Coda File System

Re: increasing realms found and other client weirdness

From: Jan Harkes <jaharkes_at_cs.cmu.edu>
Date: Fri, 11 Mar 2005 10:25:05 -0500
On Fri, Mar 11, 2005 at 09:59:00AM -0300, Gabriel B. wrote:
> yesterday i let the client "uploading" some data to the server. today,
> it was hanging there. I canceled the cp command, checked the tokens.
> everything seemed fine

It sounds like your client got disconnected from the server
(reintegration conflict maybe?) and it ran out of log space to keep
track of the changes that still need to be reintegrated with the server.

It blocks all write operations, reads can still go through as long as
there are worker threads available. There's only 20 worker threads and
every blocked write 'consumes' one, so things can get to a grinding halt
pretty quickly.

> then, i restarted venus thinking it's some kind of cache. and started
> it again.

Venus has a persistent cache that survives restarts (and reboots) the
only way to clear the venus cache is to run 'venus -init' or to create a
file named /usr/coda/venus.cache/INIT, on Debian that would be
/var/lib/coda/cache/INIT, where the various paths are set to comply with
the Linux file system standard or whatever the name is.

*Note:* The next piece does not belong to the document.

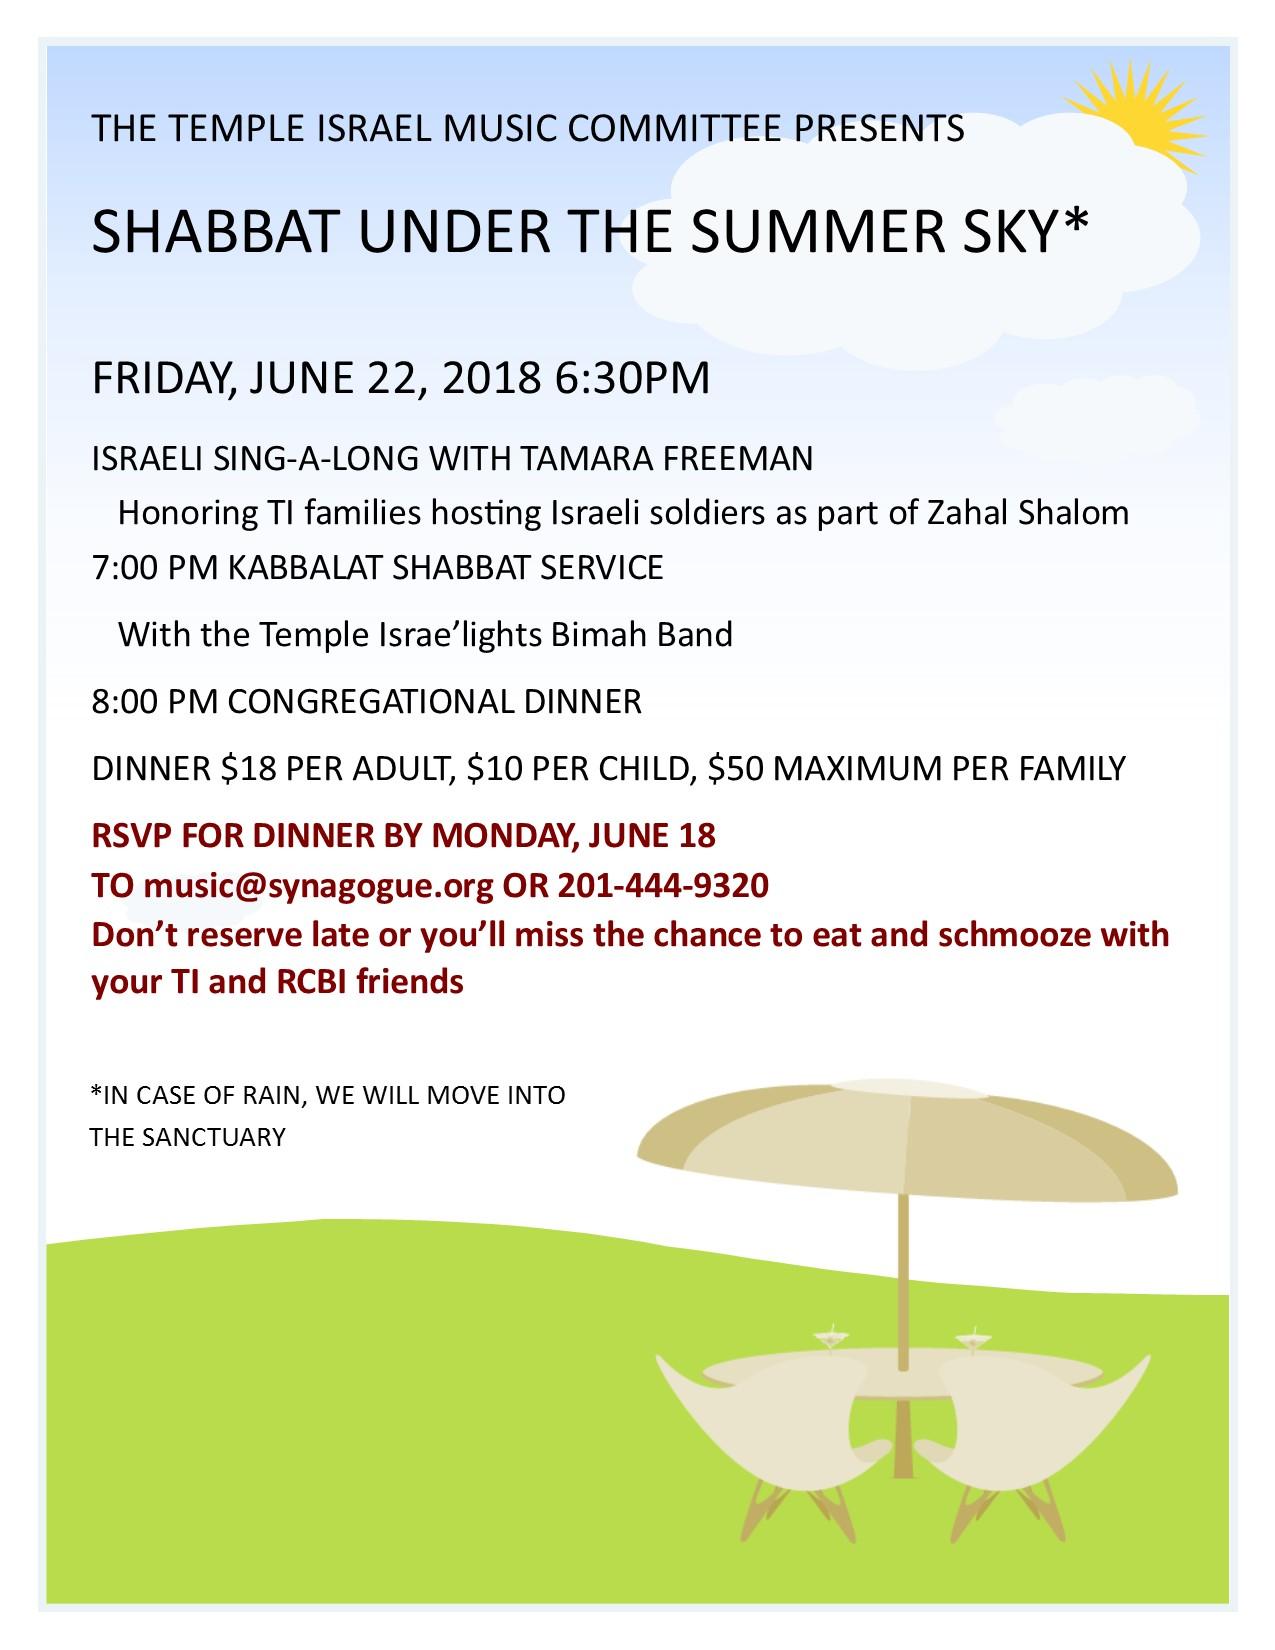 Shabbat Under the Summer Sky/dinner

> Well, i have only realm. one SCM, one line in /etc/coda/realms.
> But venus said it found 3. And i recall it saying 2 the startup before this.

There are 2 realms that are being used internally. One realm is the
'localhost' realm, and it is used to hold the various realm mountpoints
that are visible in the /coda directory. The other realm is Repair
related, for local/global repair we have to move locally modified files
out of the way so that we can show the version that is currently the
servers. So the locally modified files are relocated to the 'Repair'
realm until the conflict is resolved.

> I was copying about 7Gb of small files to a coda server that has about
> 20Gb of free space in /vicepa, 20M of rvm log, and 130M of rvm data.
> all of them are files since i can't repartition the server without
> knowing that we will use coda for sure.

I'm pretty sure that files are better nowadays. I've been using them
exclusively now that we moved all our servers to new hardware.

> btw, right after starting the server i send the SIGWINCH signal. but

SIGWINCH? Ah, I see, never actually used that myself. I just run
'volutil setdebug 10'.

> it generate nothing in the logs. On the other hand, my venus.log is
> more than 90M!
> 
> the lines right before the hand in venus.err are
> 05:01:30 Checkpointing p.www
> 05:01:30 to /usr/coda/spool/0/camboinha.servers_p.www.tar
> 05:01:30 and /usr/coda/spool/0/camboinha.servers_p.www.cml

That's a pretty good indication that your client is disconnected from
the server for some reason, as it is checkpointing a copy of the pending
changes (safety feature just in case your client dies, any lost changes
should be in that tarball).

> 09:07:58 DispatchWorker: signal received (seq = 2417081)
> 09:21:46 DispatchWorker: signal received (seq = 2417109)

And this is a user hitting '^C', it doesn't do much for venus though,
since there is no code that can unwind the worker thread that is
handling the 'aborted' request as it might have grabbed a couple of
locks. So venus ends up (eventually) completing the aborted opereration,
at which point the kernel will spit out some error message about an
unexpected reply.

Jan
Received on 2005-03-11 10:26:46